Sir, – I write with reference to the letter from Martin Redfern (October 31) concerning Sir Brian Souter’s donations to the SNP and his campaign to keep section 2a in law.
This act by Sir Brian is a testimony to his generosity and to his moral stance against promoting homosexuality in schools. Mr Redfern’s intentions, however, were not complimentary, but rather destructive.
Apparently one cannot give to a political party and take the biblical view on marriage anymore. His letter reveals the current militant and intimidating standpoint against those who believe only in traditional marriage.
It should be remembered that 86.8% of respondents, more than one million Scots, voted in support of Sir Brian’s campaign, less than 20 years ago.
We are now being bullied into compromise on this issue, but that will never change the truth which was established by God.
12 Walnut Grove,
A question of motives
Sir, – We are being wearied by the latest hysteria among the chattering classes, namely “sexual harassment” in the seats of power at Westminster and Holyrood.
The media that is all in a froth about such happenings is the same media that has been promoting the sexualisation of society for years.
Ally this to a society that has lost much of its respect for the norms of social behaviour, then it should be of no great surprise that animal instincts rise to the fore in the interactions between male and female persons, thrown together in their respective workplaces and leisure outlets.
Thus far, the fingers of blame are being pointed exclusively at men.
But is there not a case to examine also the behaviour of women in our very progressively liberal society, and whether such behaviour in any way contributed to the events of which they now complain?

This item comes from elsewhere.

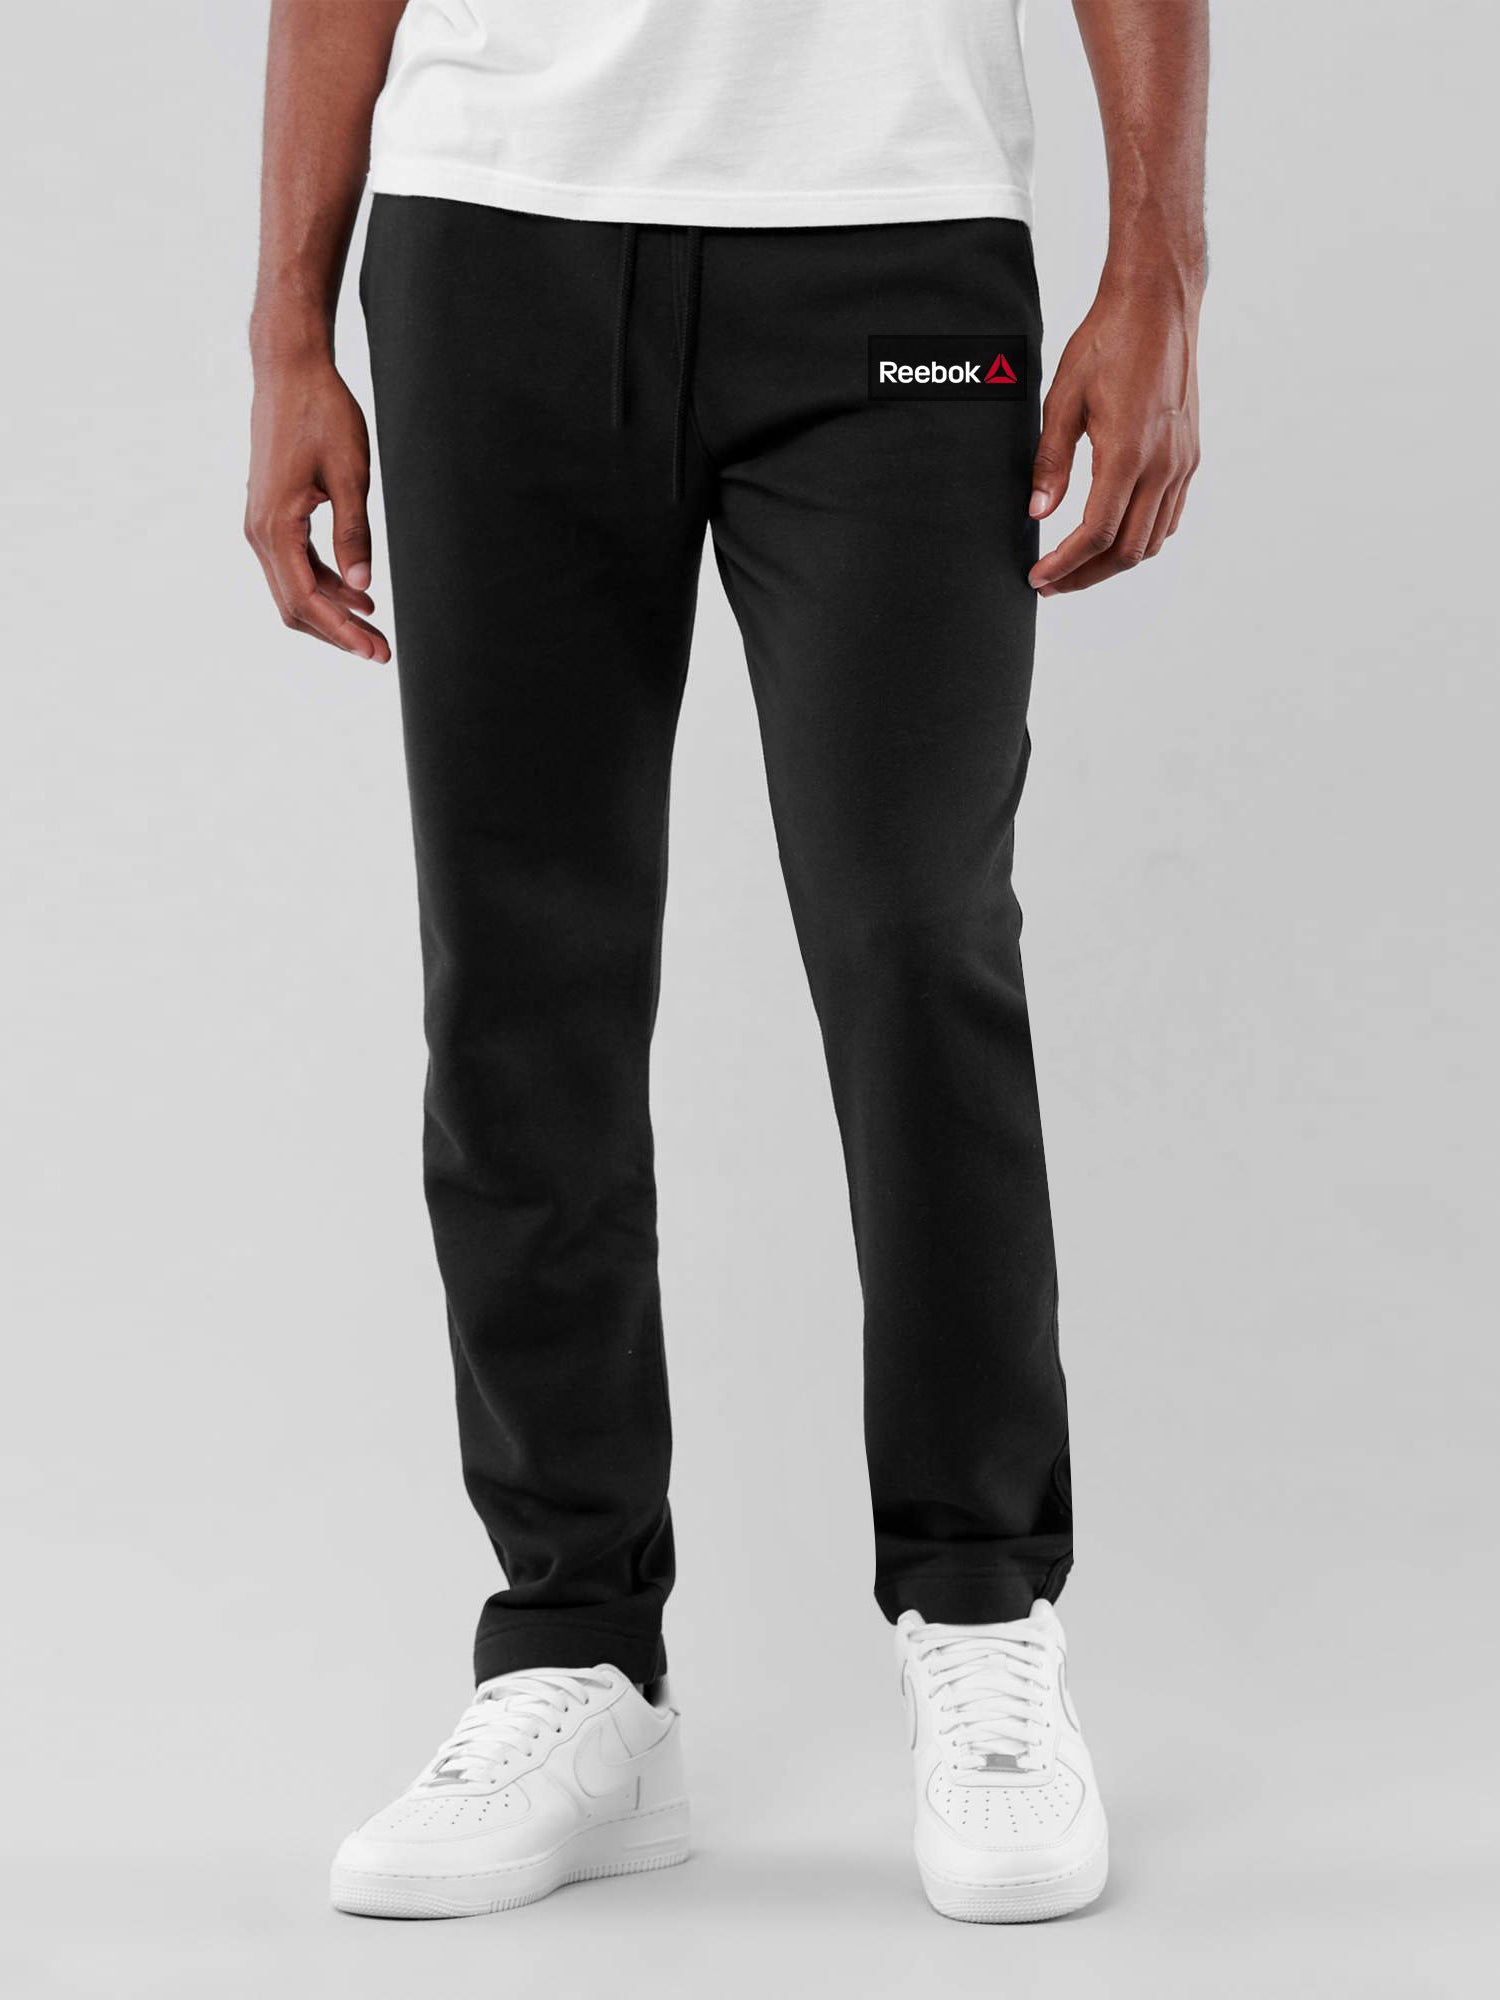 Demokrati mirakel Antage RB Heavy Fleece Straight Fit Trouser For Men-Black-NA12382 - BrandsEgo.Com
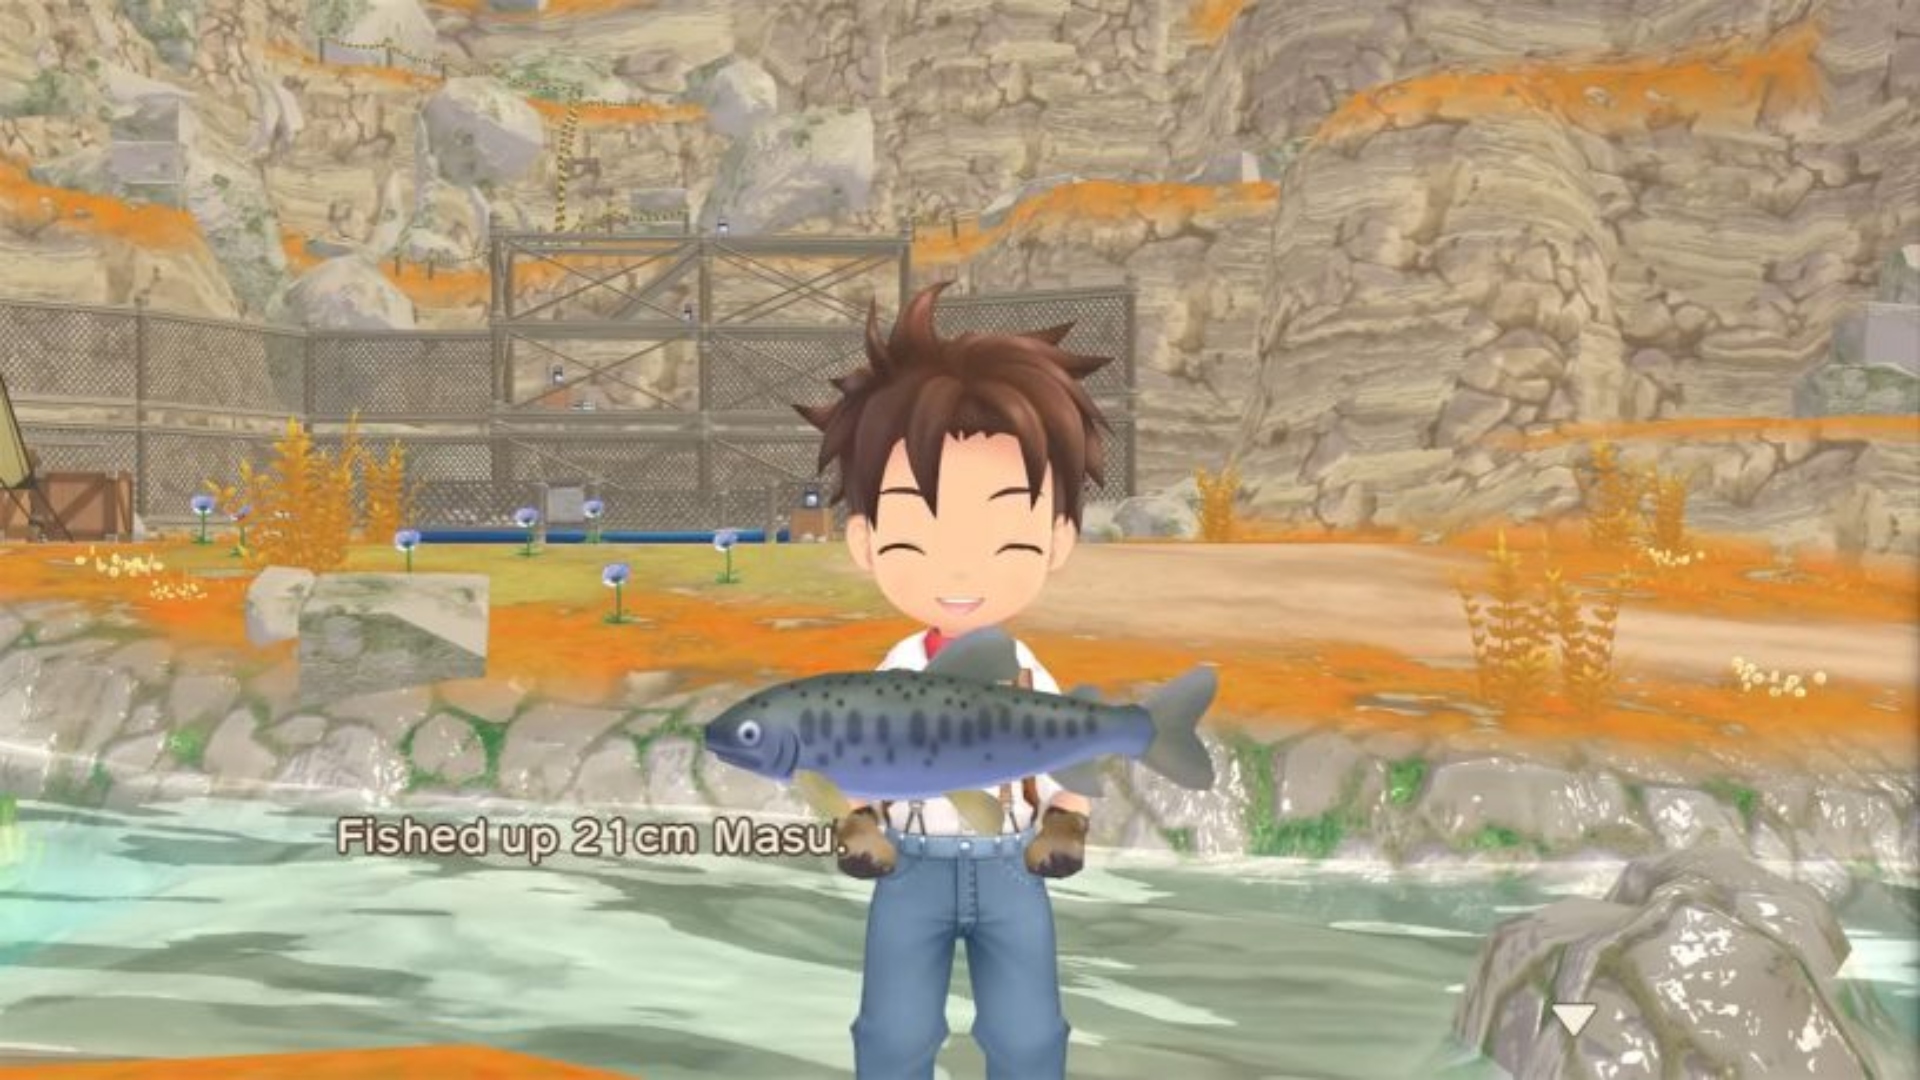 A player fishing up a Masu in Story of Seasons: A Wonderful Life.

Men and women co-exist in all manner of workplaces, both public and private sector.
Surely they should be possessed of sufficient personal principles that, if they do not wish to be propositioned, then we should expect them to simply say no.
To say nothing at the time and then raise issues years later where they profess to be victims of inappropriate behaviour is cowardly and disingenuous.
It raises questions about past behavioural motives.
Pheasants are not to blame
Sir, – Mr Murdoch’s spurious claim (October 27) that there is a link between pheasants and lyme disease was eloquently challenged by Mr Watt of Persie estate.
My hypothesis is that the increase in lyme disease in humans is directly linked to the Land Reform Bill which allows unrestricted access to Scotland’s tick-infested mountains and moors.
Shepherds, stalkers and ghillies who work in this environment are less likely to suffer from tick bites as they dress for the conditions with tweeds, heavy socks, gaiters and stout footwear.
Scotland’s ticks, midges and cleggs must salivate at the sight of visitors in shorts, t-shirts and trainers.
An increase in lyme disease may be just one of the unintended consequences of this idealogical bill.
Disturbance to nesting birds in spring, litter louts, fires and wild camping are other issues.
Michael C Smith.
Clamp down on Mr Salmond
Sir, – The University of St Andrews quite rightly slapped down Alex Salmond for suggesting it does not have a proper mix in its selection of students.
This censure shows, yet again, Mr Salmond’s tattered reputation and lack of judgment.
All political parties carry unwelcome baggage but one day the SNP will have to clamp down on this self- publicist.
Benefits of new church centre
Sir, – Your article, Demolition only option for crisis-threatened Forfar church, implies that St Margaret’s Church is in crisis.
That is misleading because we are managing our running costs more efficiently now than ever.
This means we are able to do more work in the community, helping and supporting those in need, which is a central part of our role as a church.
However, what we do not have is the estimated £500,000 which will be required just to repair the non-listed, non-accessible, cold and uncomfortable sanctuary which we only use for an hour each week.
We need to be good stewards of the money given to us and we believe carrying out very expensive remedial work to our present building is not the best way to achieve that.
Our plan is to create a new worship space within a fully accessible community centre which would cost less than the repair and upgrade of the existing sanctuary space which we estimate would cost in the region of £1.5 million.
The centre could be used seven days a week by many more people in our community than ever use our sanctuary, and would offer a real benefit to Forfar for years to come.
Rev Maggie Hunt.
St Margaret’s Church,
Upgrade slow NHS computers
Sir, – A Scottish Government initiative is criticised by experts as having failed to make any difference to its short-term aims and for being “not cost effective”.
This is the Family Nurse Partnership which is an intensive home- visiting programme for teenage mothers.
This sounds sensible, until you discover these young mothers already have health visitors.
One expert said it is no better than ordinary health visiting, but four times as expensive.
Another expert said the £16 million to which costs have risen is money down the drain.
Another problem is the continuing story of NHS IT inadequacy.
Varieties of systems and slow download and upload speeds waste staff time and can result in patients’ records being unavailable to clinicians.
I visited my GP’s newly-opened smart premises to encounter a glum receptionist confronting a PC, saying it was very slow.
I expect £16 million could be of some help in modernising NHS IT.